BTW Is it best practice to use one nfsexport per nfsclient or is one
nfsexport resource enough cluster wide?

"It depends"

If all NFS will come off one host then one resource is enough.

If NFS might run off several hosts then you'll need one resource per export.

Why is there a behaviour disparity? Which is correct?

They're both correct - and both wrong. :)

Question 2: I have the old case on either of the above where I can't
unmount the exported file system when I stop the service (so I can't
migrate it). Not unless I halt the file server hosting the file share or
force fence it. I just get the old:

# umount /mnt/home
umount: /mnt/home: device is busy.
        (In some cases useful info about processes that use
         the device is found by lsof(8) or fuser(1))

On client side, umount -l will help in these cases.

on server side, restarting the nfslock service is usually sufficent to get umount to work (It's safe, clients are told to reacquire their locks)

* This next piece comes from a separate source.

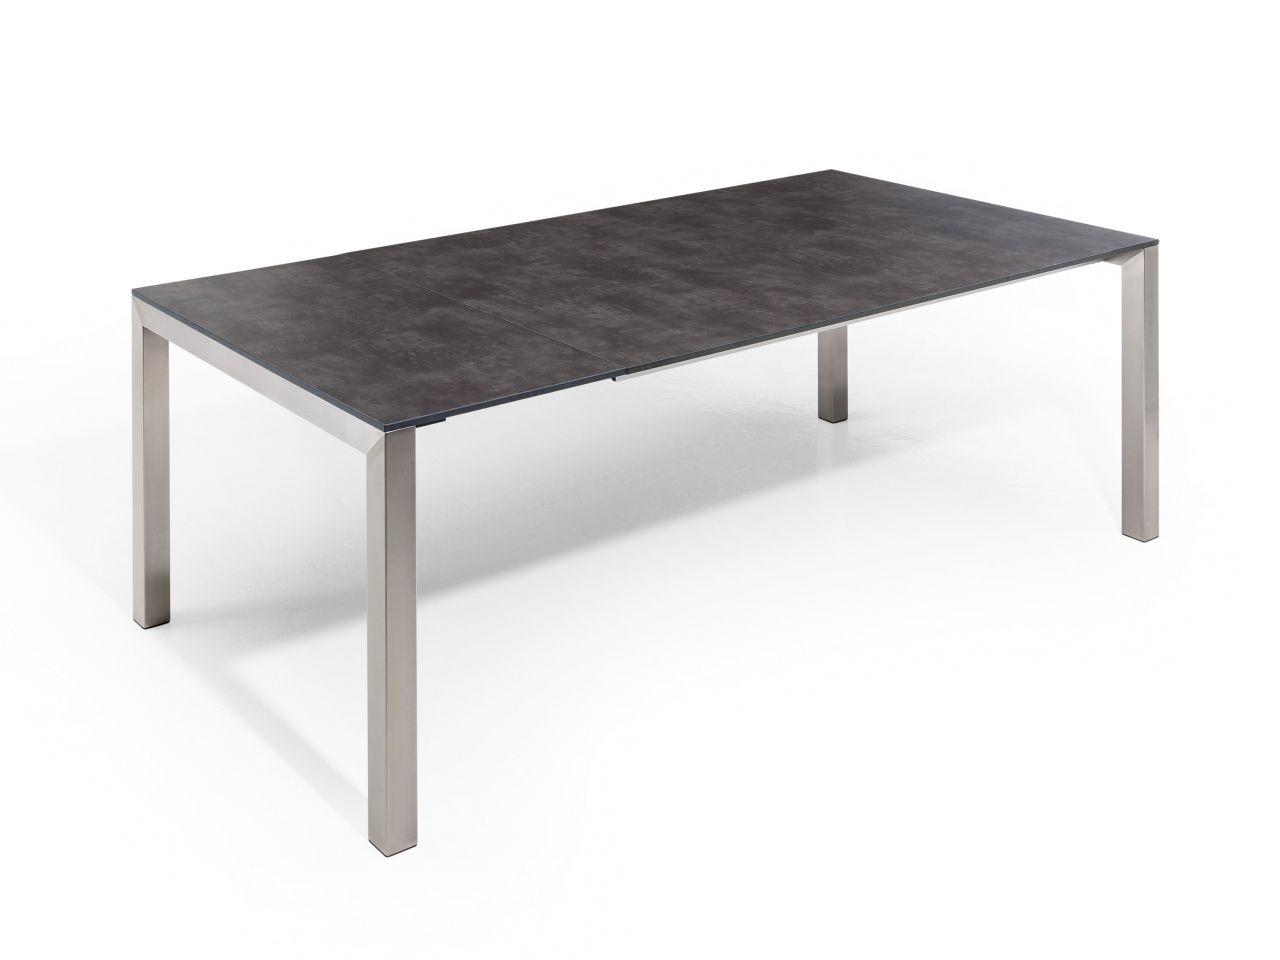 Tisch einmal ausgezogen 210x100cm

Of course nothing is shown in lsof or fuser. This is annoying for a
number of reasons. One is that I can't readily perform basic load
balancing by migrating NFS services to their correct nodes (as I can't
migrate a service without halting a node).

What's your backend? GFS?

But more seriously I can't easily shut the cluster down cleanly when
told to by a UPS on power outage. Shutting down the node will be unable
to be performed cleanly as a resource is open (so will be liable to

If the filesystem is GFS, fencing is about the only reliable way of leaving the cluster.

However: if you shut down nfsd _and_ nfslock, you should be able to unmount the FSes cleanly.